We typically measure the size of an earthquake on the magnitude scale. Whenever you hear from the media, you will hear them talk about the Richter magnitude; in fact, as scientists, we don’t use the Richter Magnitude anymore; we use what’s called the moment magnitude. They are approximately the same thing. So, we measure the size of the earthquake in magnitude, and you know, when you look at the size of earthquakes that cause damage here in California, it’s not until you get to a magnitude five, magnitude six earthquake that you start to see the damage.
https://www.youtube.com/watch?v=7Yoik3MmKgI
In terms of what we can learn in the follow-up after an earthquake, we immediately record the main shock of the earthquake, and we understand what the distribution of the ground shaking is. This allows us to better understand amplification effects.
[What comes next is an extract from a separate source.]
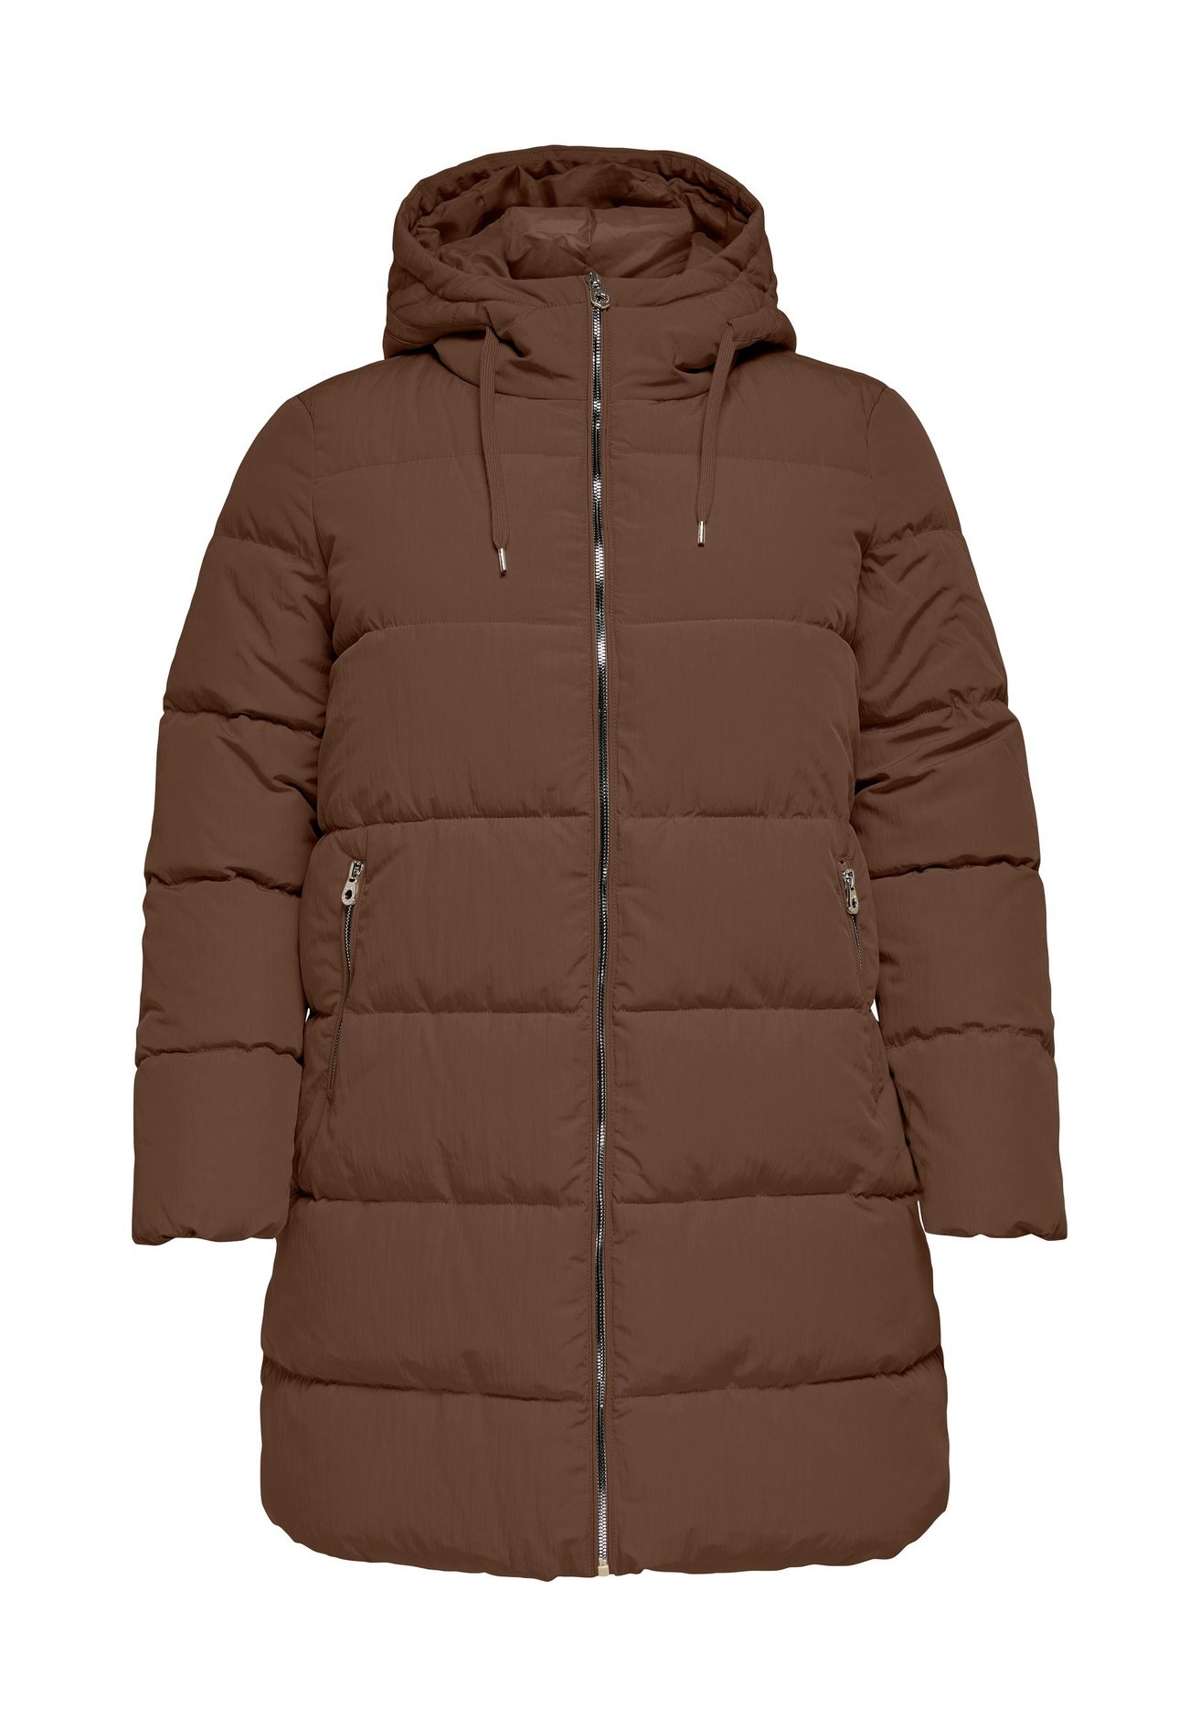 Зимняя куртка CARNEWDOLLY LONG PUFFER COAT

So, in these big earthquakes, the amount of shaking you experience depends upon the magnitude of the earthquake, it depends on how far you are from the earthquake, and what type of ground you are located on. So, if it’s soft sediment, then you get the amplification effect, and you get stronger shaking. If it’s hard to ground, you get weaker shaking. So, by measuring the distribution of ground-shaking intensities, we better understand those processes.
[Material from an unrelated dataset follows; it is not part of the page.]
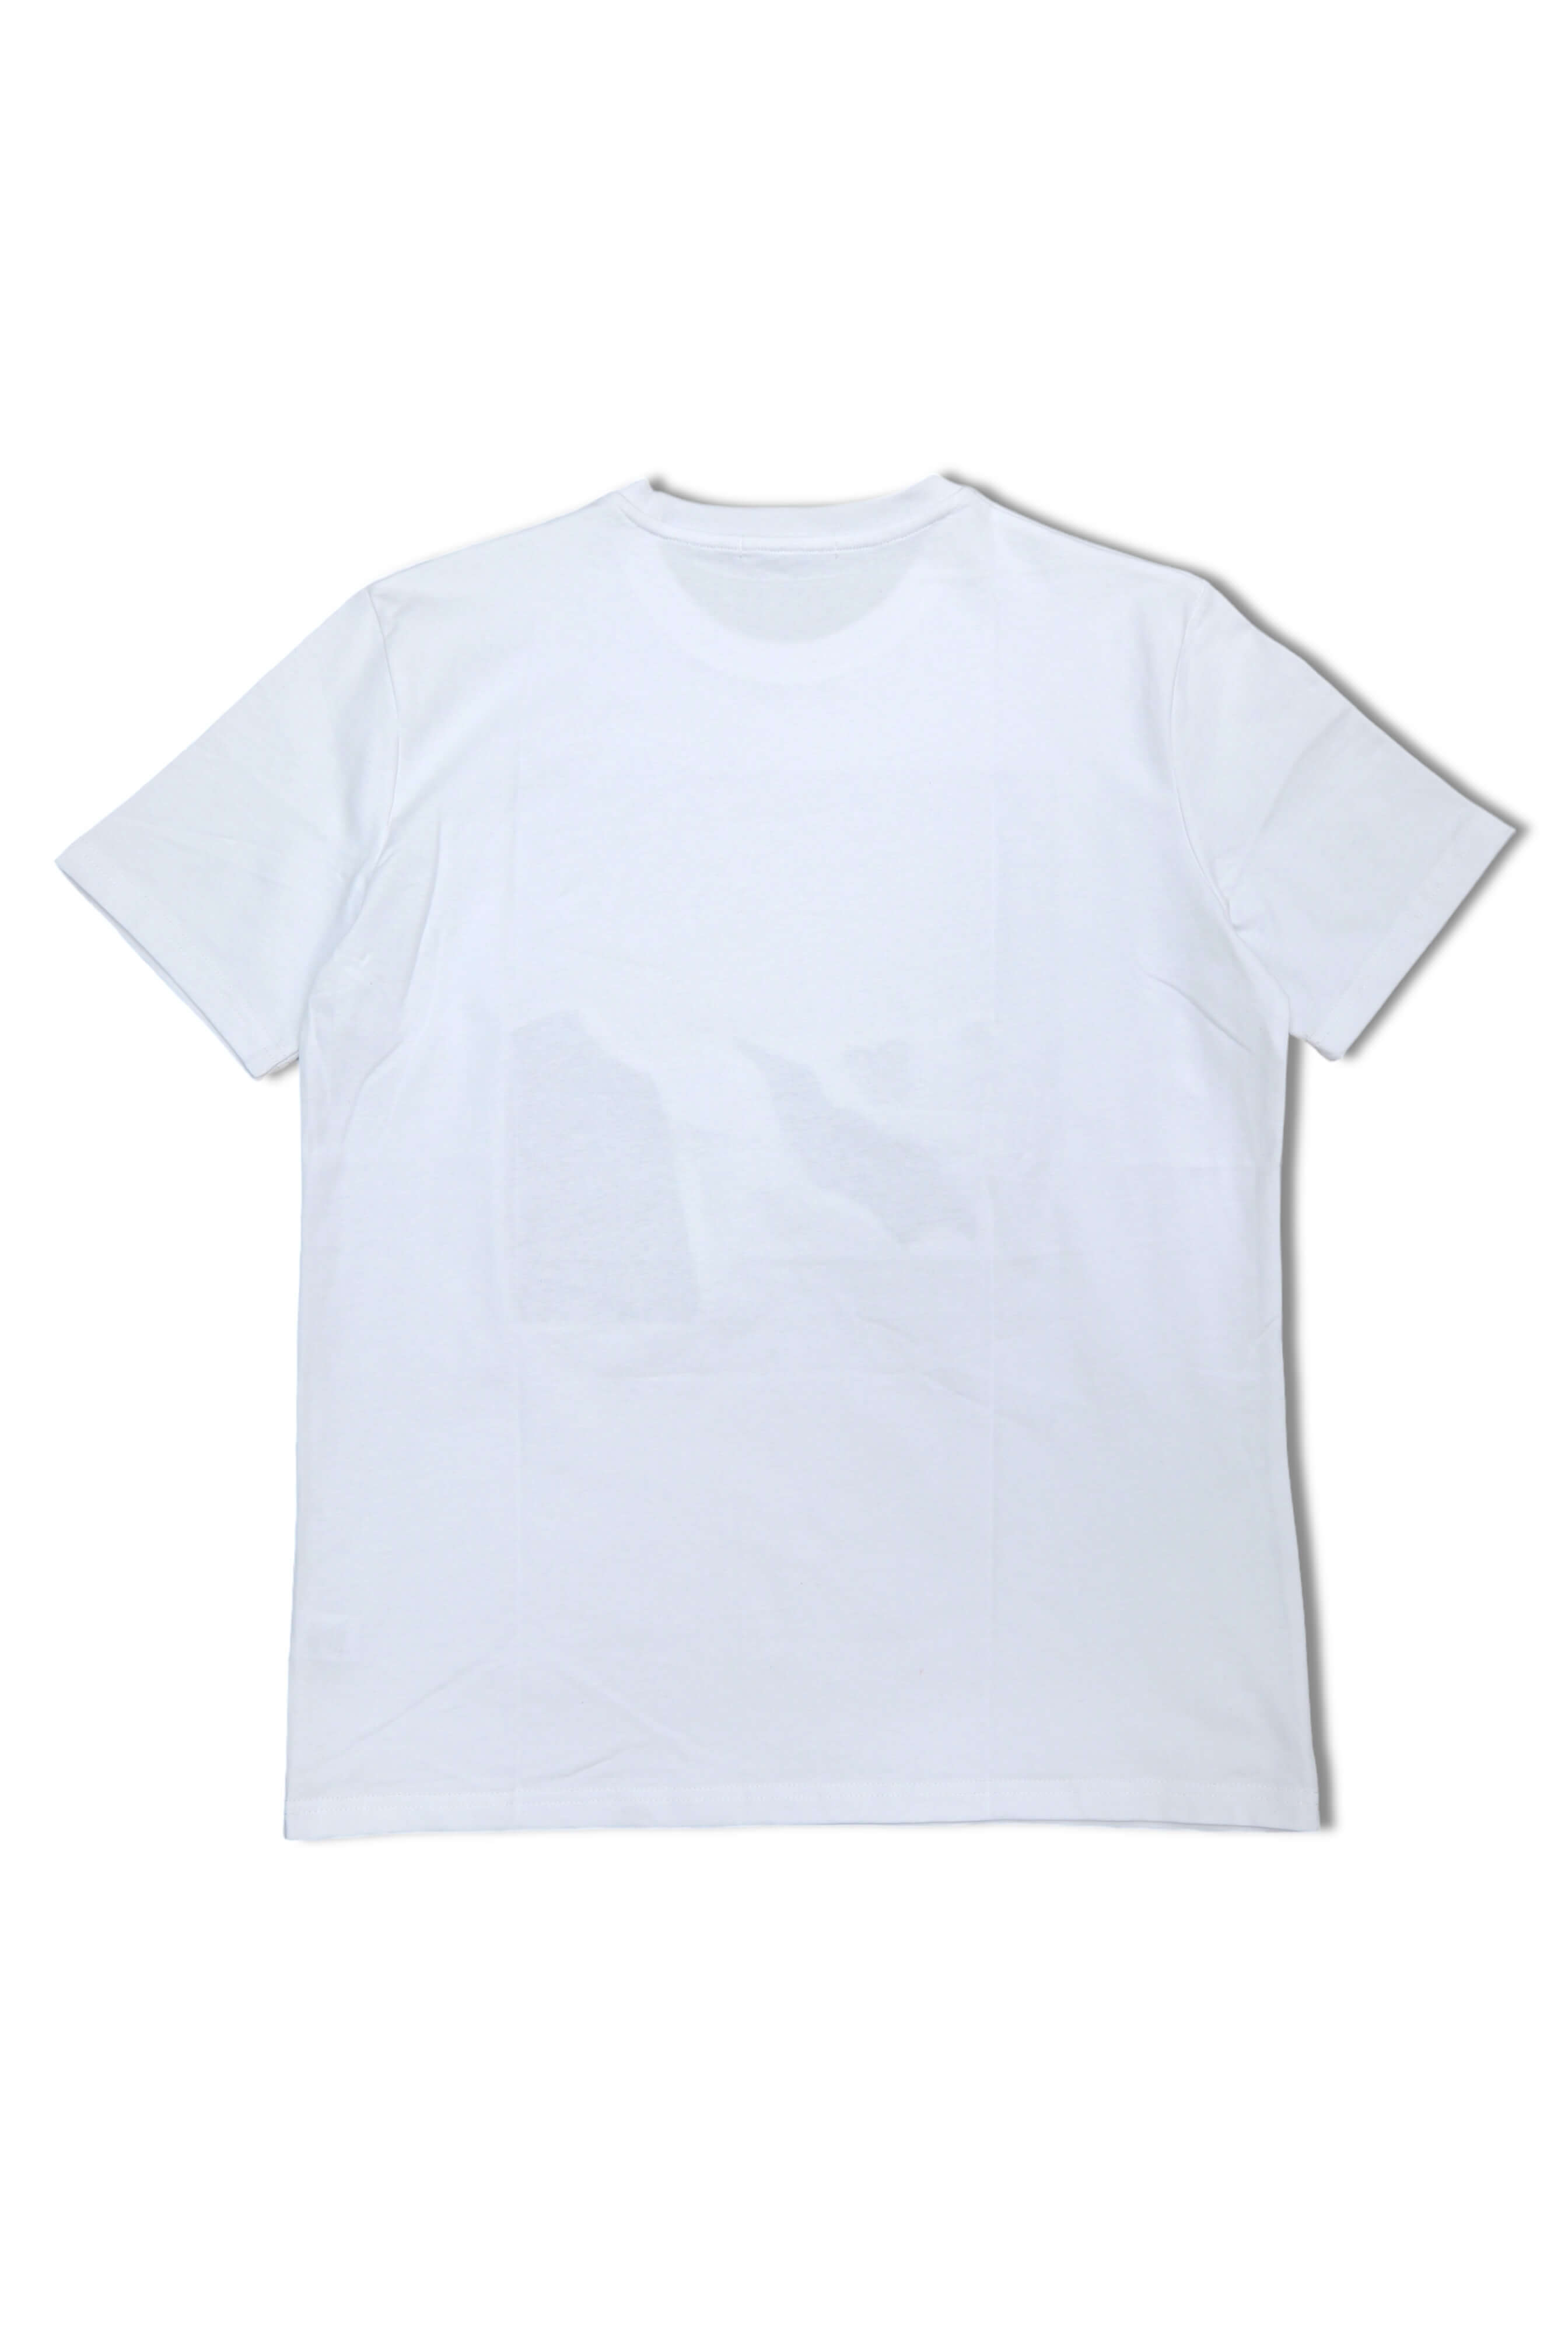 Black Planet- Pop Smoke and Virgil T-shirt- White

Furthermore, after a big earthquake, we often will go and put out seismometers across the region. The reason is that earthquakes are almost always followed by aftershocks. Aftershocks are typical earthquakes that are smaller, sometimes, of course, turn out to be earthquakes that are bigger, and then they become the main shock rather than the aftershock. Installing seismic sensors after a large event allows us to study the fault plane, the sourcing process, and also the distribution of shaking.
The work on the Juan de Fuca plate is about understanding the large-scale processes of the solid earth. So, as I was saying earlier, the motion of the plates is what drives earthquakes, and understanding the forces that drive plate tectonics is a very fundamental question that we really don’t understand. We have ideas about slabs, being the tectonic plate when it is diving down into the mantle it’s being pulled. It’s old and dense, and it’s being pulled down by its own weight into the mantle. That could be one of the driving forces. Another alternative driving force might be pushing from the ridges. Because the mid-oceanic ridges are high, there can be pushed on the plate, and they can eventually slide downhill. And the other option is the motion, the mantle convection beneath the plate. So, this is a very slow motion that could be driving the plates. Understanding those relative forces is a fundamental question that we don’t understand.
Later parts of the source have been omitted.